An Act of Love: Securing Franca Sozzani’s Legacy
The Business of Fashion Podcast
The Business of Fashion
4.5 • 813 Ratings
🗓️ 28 November 2025
⏱️ 37 minutes
🧾️ Download transcript
Summary
Francesco Carrozzini grew up inside the rarefied world of Vogue Italia — not just observing it, but living it. As the son of Franca Sozzani, the magazine’s legendary editor-in-chief, fashion wasn’t just part of his surroundings, it was a language he was exposed to everyday.
He became a photographer and filmmaker, but it was only later that he turned the camera towards the most personal and complicated subject in his life: his relationship with his mother. The documentary Franca: Chaos and Creation premiered in Venice just before her passing in 2016 following a battle with lung cancer.
“When I asked her to take a look at the first cut of the film, she said, ‘This is the most mediocre thing I've ever seen. Do yourself a favor and find a point of view.’ That opened my eyes on the importance of always trying to find a point of view,” Carrozzini recalls. “In a regular relationship between mother and son, that might have been excruciating. In ours, it wasn't, because we treated each other like friends.”

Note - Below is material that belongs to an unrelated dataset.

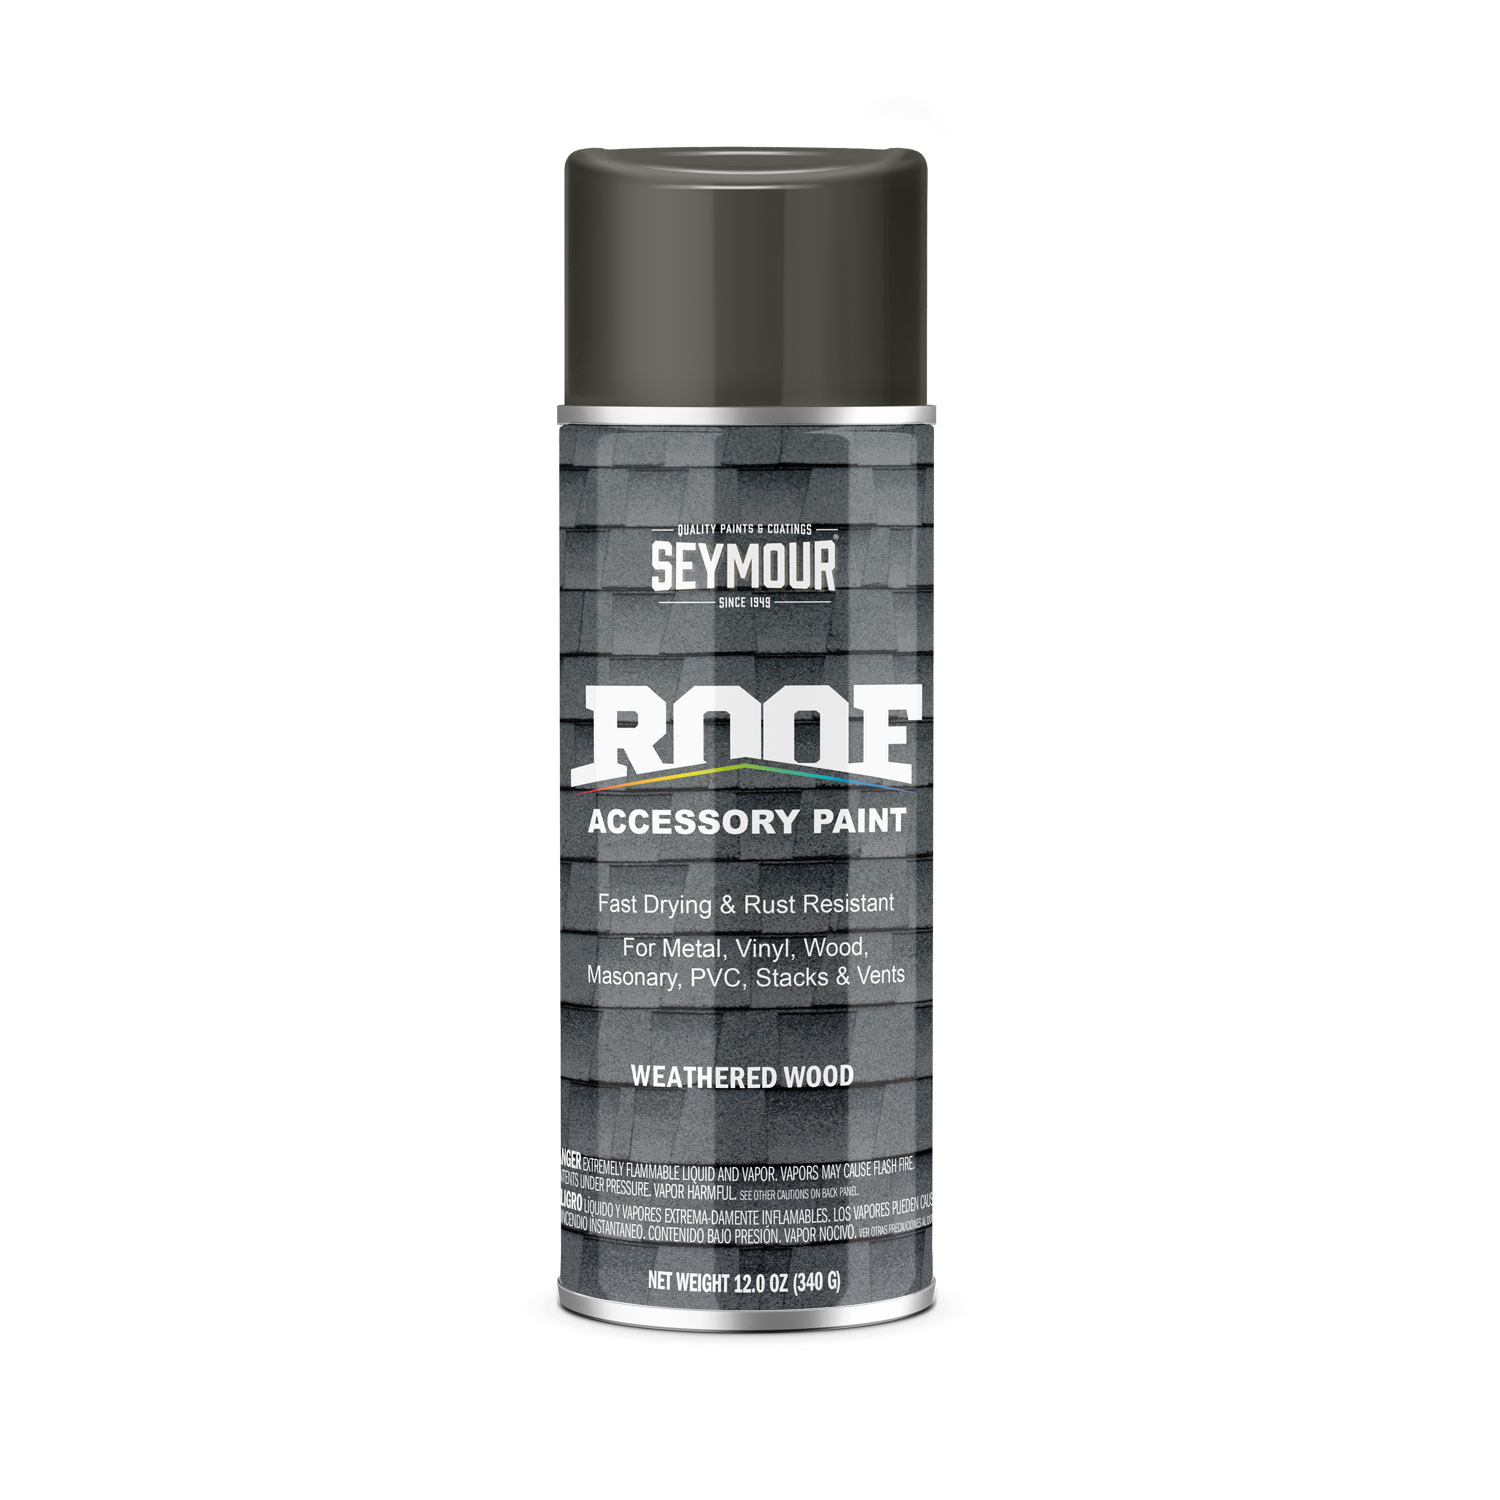 16-1700 Seymour Roof Accessory Paint

Since Franca’s passing, Carrozzini has been working to transform memory into meaning. He co-founded the Franca Fund for Preventive Genomics — an initiative advancing genomic screening to prevent the disease that took his mother’s life.
BoF founder and CEO Imran Amed met Carrozzini in Doha, Qatar, where last weekend he hosted the fund’s first-ever gala and they spoke about what it means to honour someone not by preserving their legacy, but by evolving it.
Key Insights:
- Growing up inside Vogue Italia shaped Carrozzini's eye and his expectations of 'normal'. He recalls going to the offices, and making his own magazines. "This was a time before computers so they were cutting up pictures and there was spray glue. [...] That's how magazines were made. I would go and do the same,” he says. "That was my special big extended family, because my mother's job was her life."
- Beyond the film itself, Carrozzini shared that it was the end-of-life collaboration that mattered the most. “The actual big stories were those last months of our relationship, finishing the film and then screening it in Venice,” he says. “All of a sudden the lights turn on and everyone's crying because some people know, some people don't, but we look at each other and we're like, ‘This is sort of like our last big moment together.’”
- Carrozzini clearly distinguishes tribute from true legacy. “Memory and legacy often get confused. Just remembering someone feels like you're carrying their legacy, but it's not. I really wanted something meaningful, as an act of love, taking something personal and making it collective.” That impulse led Carrozzini to genomics research with Harvard geneticist Dr Robert Green, backing pioneering newborn-genome studies and accelerating grants.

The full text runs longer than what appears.